INSTRUCTIONS FOR THE TASK: Word for word, copy out the data below, omitting pictures.

DATASET CONTENT:
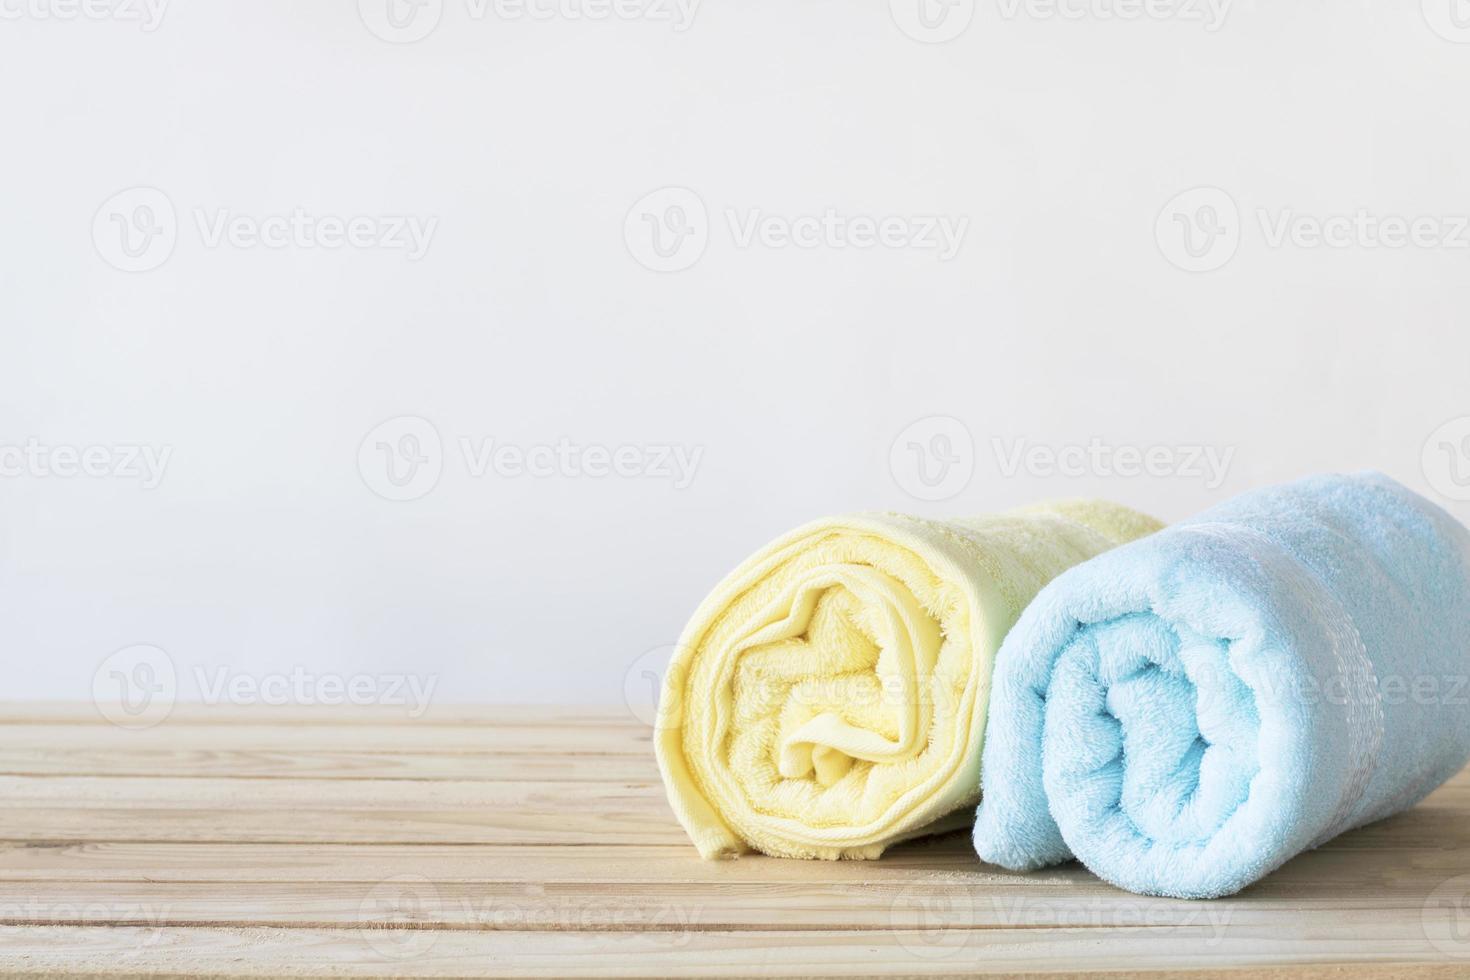 asciugamani arrotolati gialli e blu foto
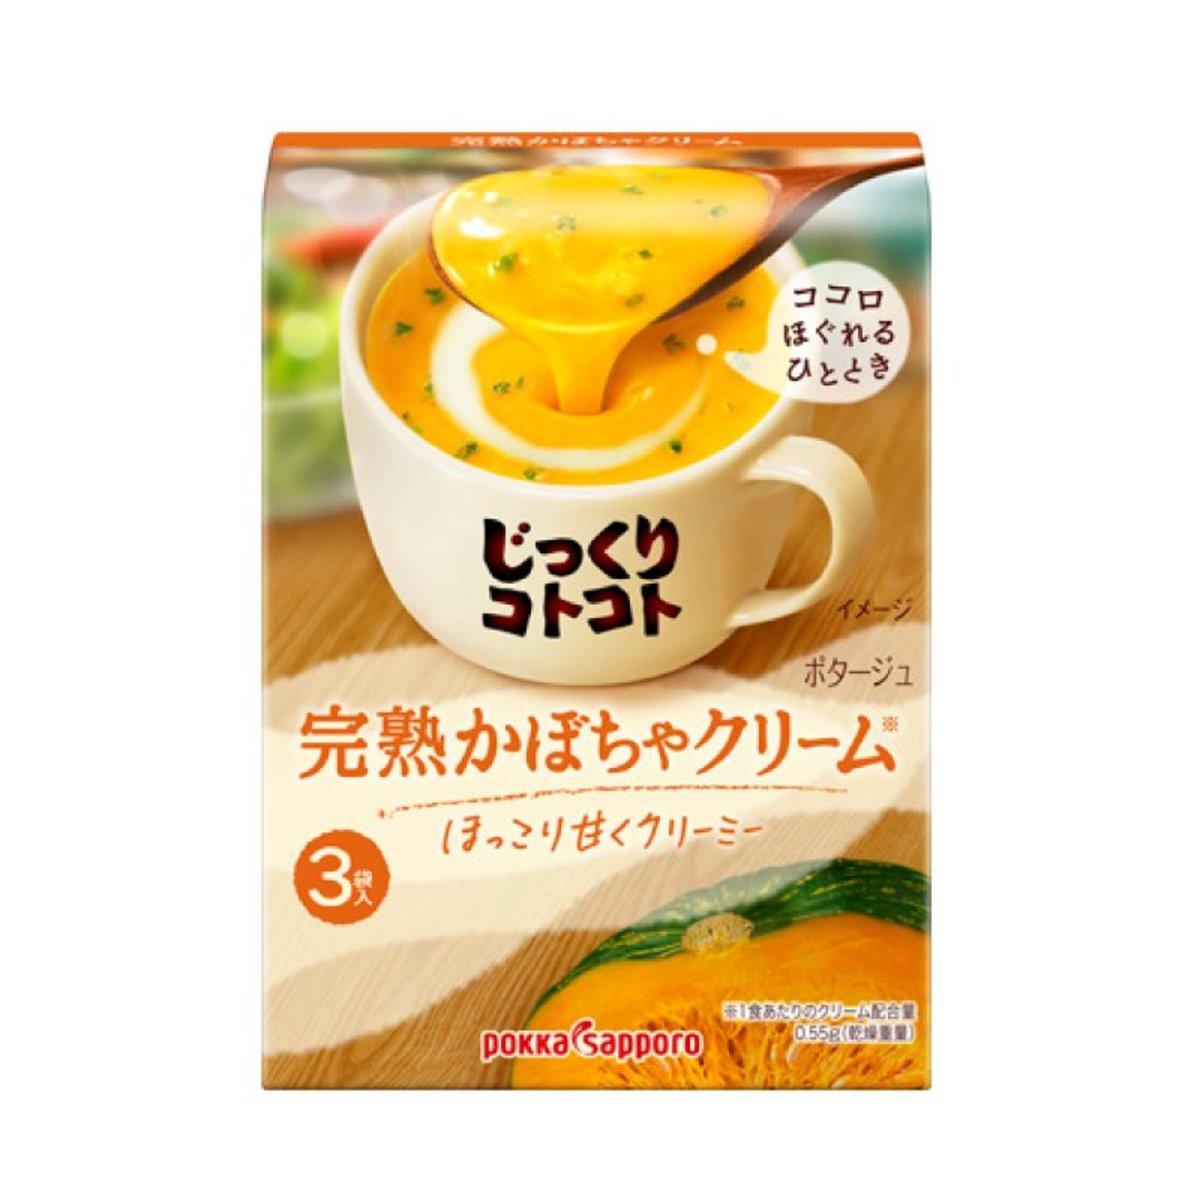 完熟南瓜忌廉濃湯(3袋入)  59.4g
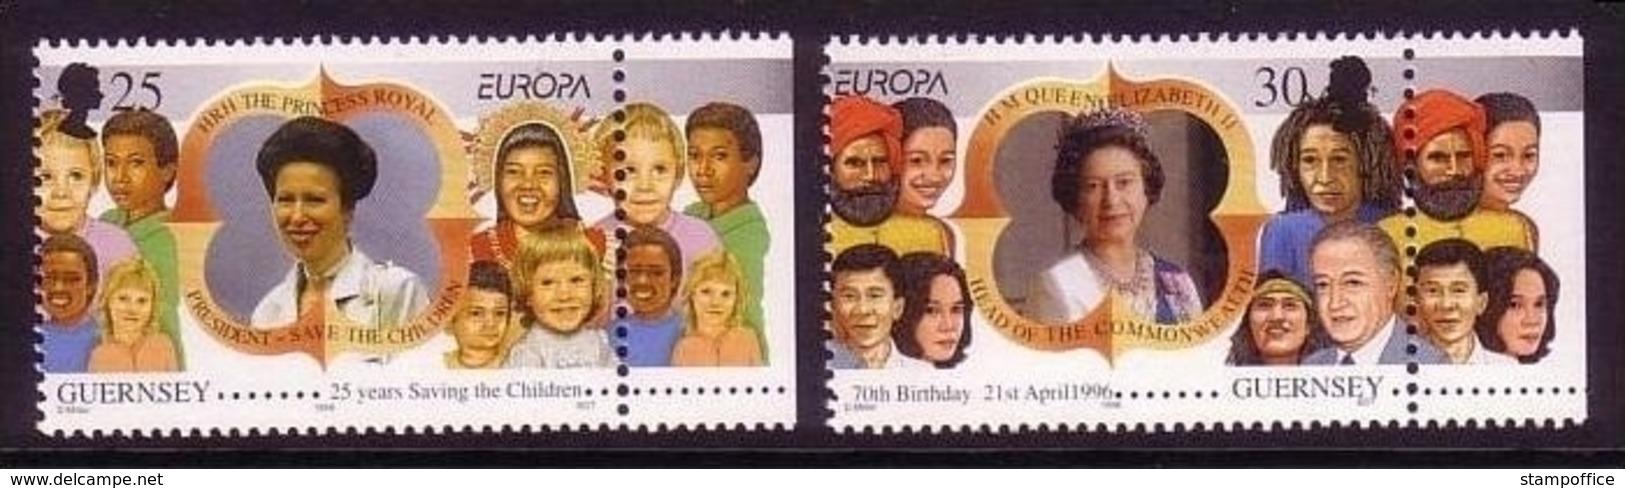 GUERNSEY MI-NR. 691-692 ** ZIERFELD RECHTS EUROPA 1996 - BERÜHMTE FRAUEN - Guernsey

EXERCISE RESULT:
 asciugamani arrotolati gialli e blu foto
 完熟南瓜忌廉濃湯(3袋入)  59.4g
 GUERNSEY MI-NR. 691-692 ** ZIERFELD RECHTS EUROPA 1996 - BERÜHMTE FRAUEN - Guernsey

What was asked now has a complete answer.